# Poppy seed tea question.



## Karmapuff (Jul 29, 2012)

I have 226g of Bob's Red Mill poppy seeds and no tolerance.

How much would I need to get high?


----------



## Karmapuff (Jul 30, 2012)

Alright last night I made some poppy seed tea with the brand, Bob's Red Mill Poppy Seeds: http://www.bobsredmill.com/
I purchased the 226g bag of seeds at a store like Whole Foods called Sprouts for $3.99.
Here's what happened.

I poured the seeds into a 2 Liter bottle and filled it up with the same amount of warm-hot water.
I used warm-hot water so the steeping time would be quicker and more efficient.

I then squirted about 3 tablespoons of lemon juice concentrate into the bottle.

I vigorously shook on and off for about 10 minutes, I then let it steep on its own for 20 minutes.
After 20 minutes I shook it for an extra 5 minutes and poured the yellow-tan cloudy mixture into a cup filtering out the seeds using the cap which isn't a fool proof idea but seeds aren't harmful and did make for a good snack 

Sense I have no opiate tolerance I drank half the mixture and waited for the effects to kick in before consuming the other half.
30 minutes In I start to feel the effects building, I feel very warm. About an hour in I'm full blown nodding and my speech and coordination is greatly diminished.

I sipped on the tea for 3 hours finishing it off. At some points I got uncomfortably high but that would die down into a euphoric nod. 
When I got tired I lied in my bed and nodded into a blissful sleep with vivid closed eye hallucinations entertaining me.

I highly recommend this tea just be careful!





*edit grammar


----------



## i7up37t (Jul 30, 2012)

you going to die..


----------



## Karmapuff (Jul 30, 2012)

i7up37t said:


> you going to die..


You're going to die.*


----------



## ANC (Jul 30, 2012)

It is a very dangerous thing to do as you never know the potency of the seeds.
Next morning you will feel like shit, which is only made better by haveing an opiate again.... that is how addiction starts.


----------



## Karmapuff (Jul 30, 2012)

I had a minor hangover the next day which was just a small headache it went away after drinking a huge glass of water and 3 potassium pills.
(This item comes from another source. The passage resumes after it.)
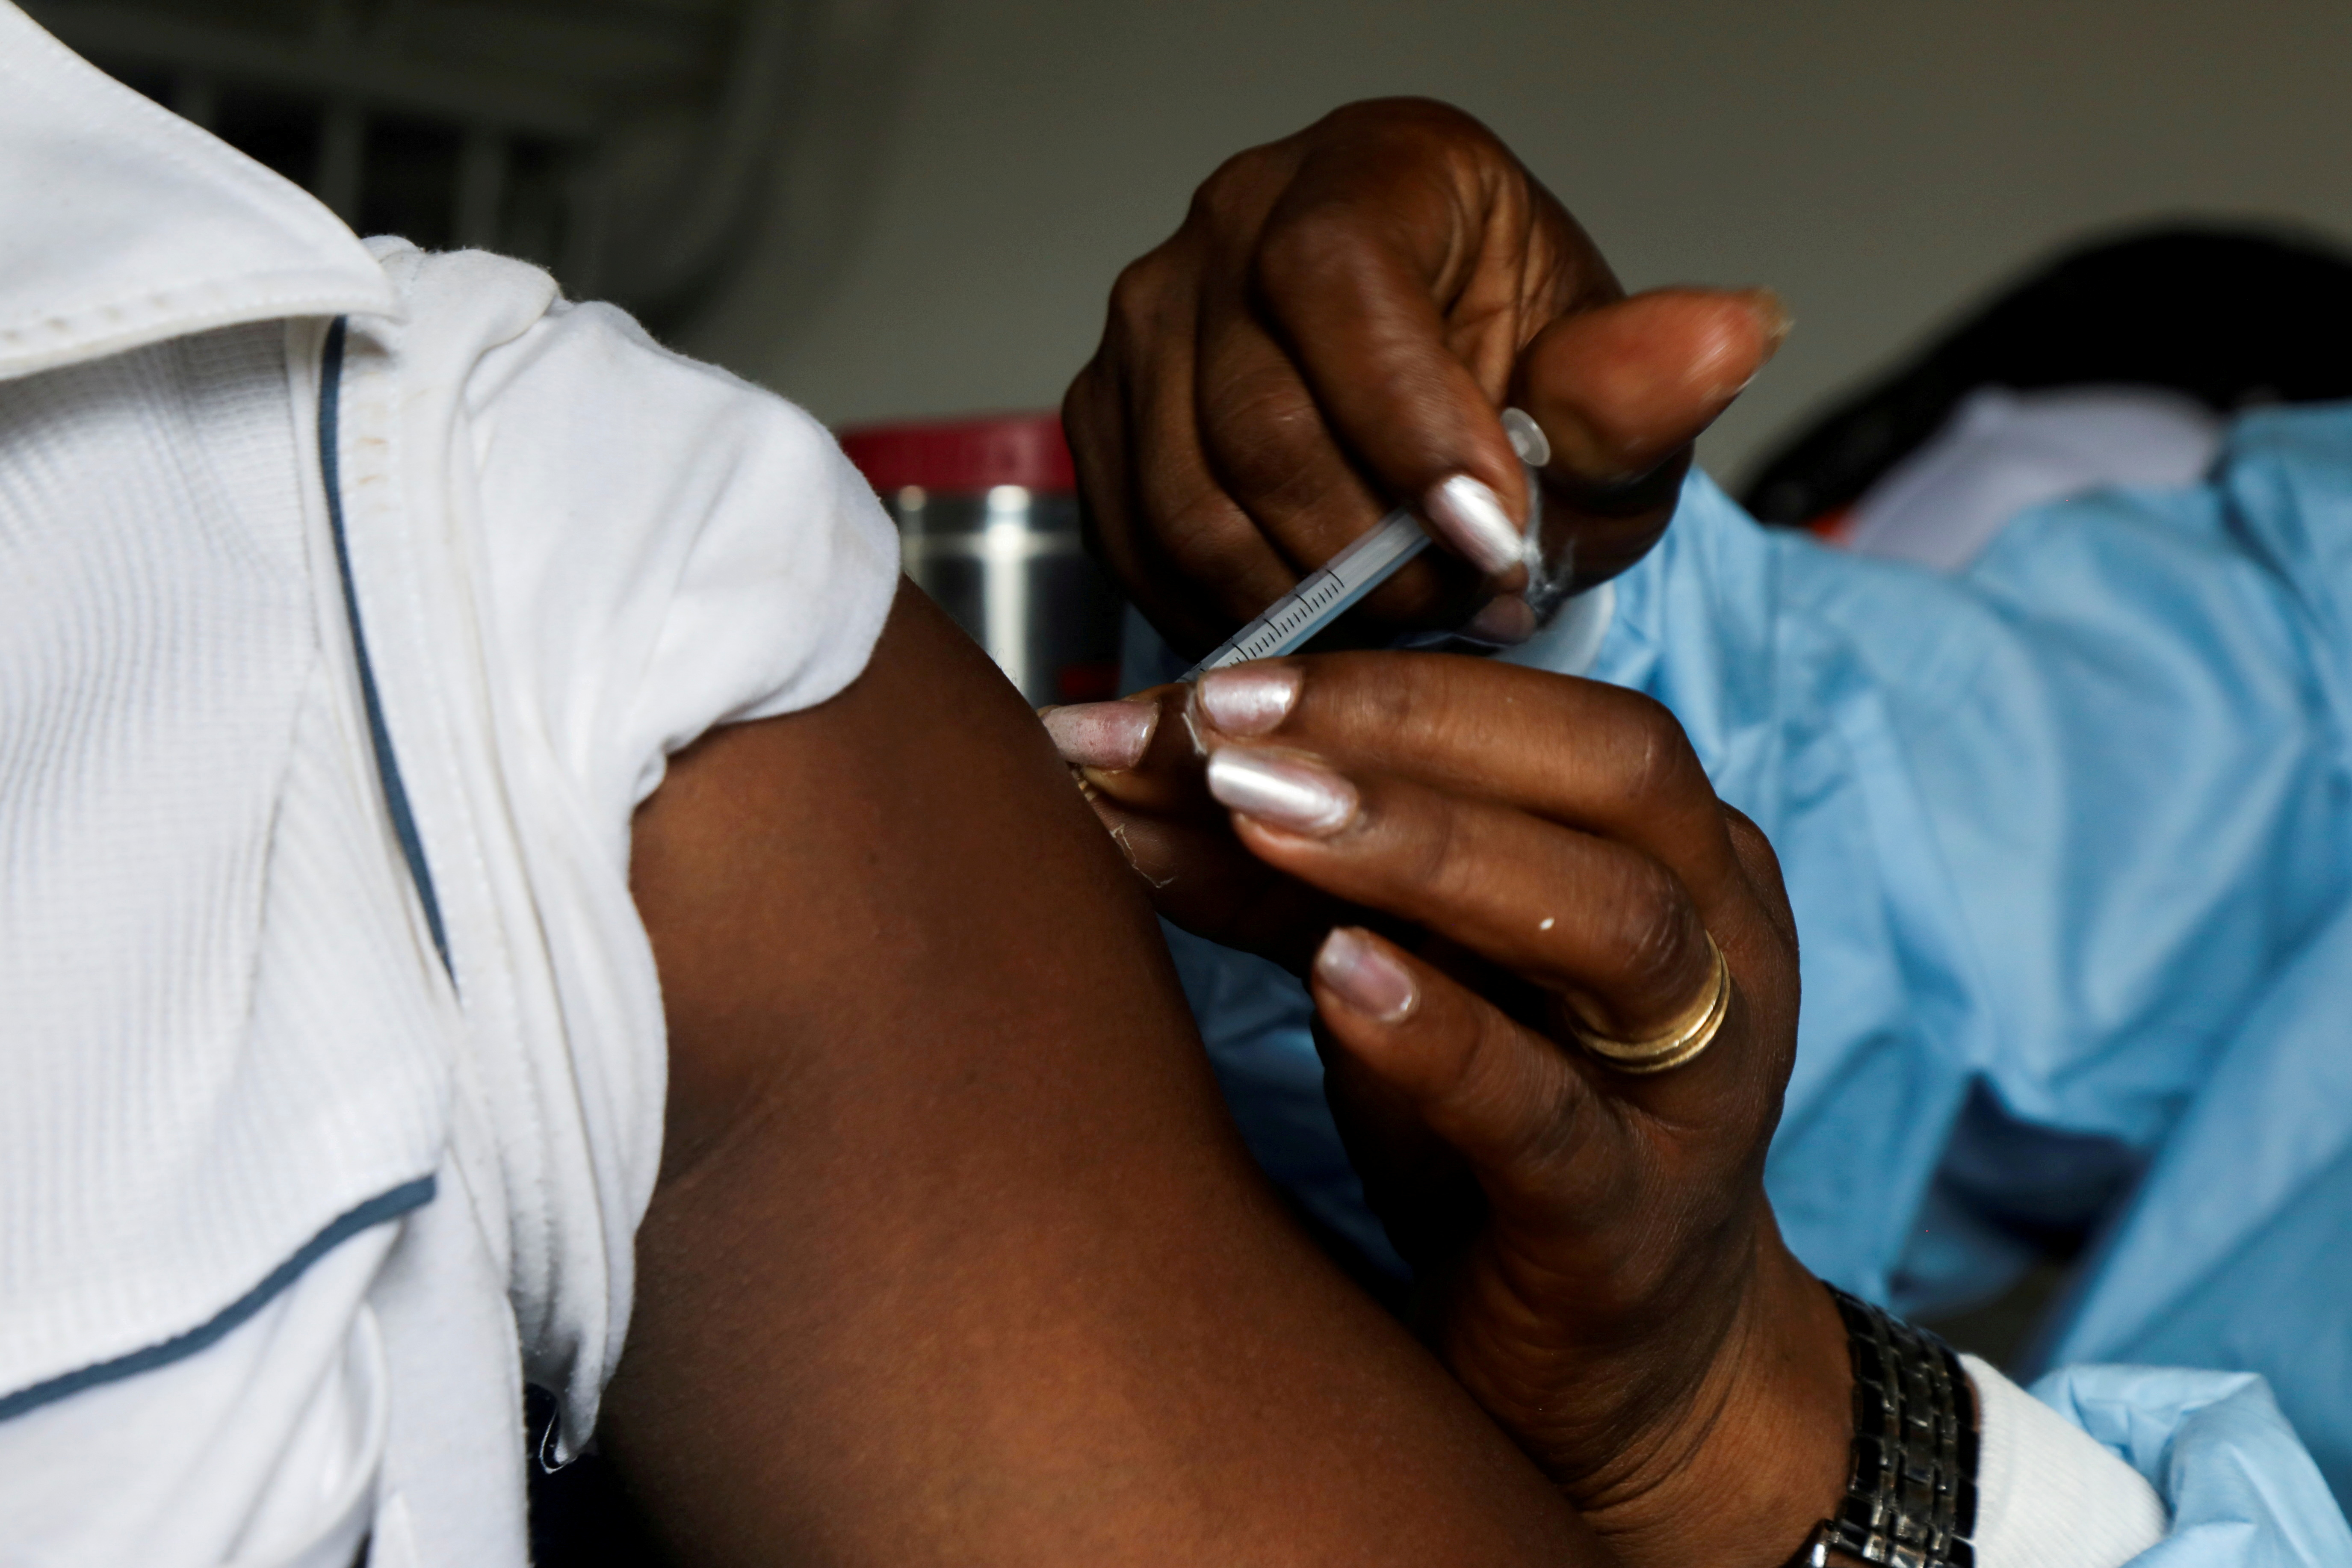 A man receives a vaccine against the coronavirus disease (COVID-19) at a mobile vaccination center in Abidjan, Ivory Coast

I have no desire to make the tea again but I guess that's just me.


----------



## DaSprout (Jul 31, 2012)

At least now you know. And knowings half the battle.


----------



## Karmapuff (Jul 31, 2012)

My experience with poppy tea was enjoyable don't get me wrong but I wouldn't 
rush out and buy seeds again, when the time comes I will make another batch...


----------



## notoriouszig (Jul 31, 2012)

ANC said:


> It is a very dangerous thing to do as you never know the potency of the seeds.
> Next morning you will feel like shit, which is only made better by haveing an opiate again.... that is how addiction starts.


this is how it started with me. good old PST every few weeks. and then something better comes around, it always does. 

i wish you luck in your endeavors man. i just have a very strong opinion against opiates ever since i got tangled up in their web. slippery ass slope.


----------



## dank smoker420 (Jul 31, 2012)

i wouldnt do it. the poppy seeds can have different potentcy per bag. one bag might be low and one might be high. an easy way to take to much since you cannot tell how potent the tea is.


----------



## ANC (Aug 1, 2012)

Karmapuff said:


> My experience with poppy tea was enjoyable don't get me wrong but I wouldn't
> rush out and buy seeds again, when the time comes I will make another batch...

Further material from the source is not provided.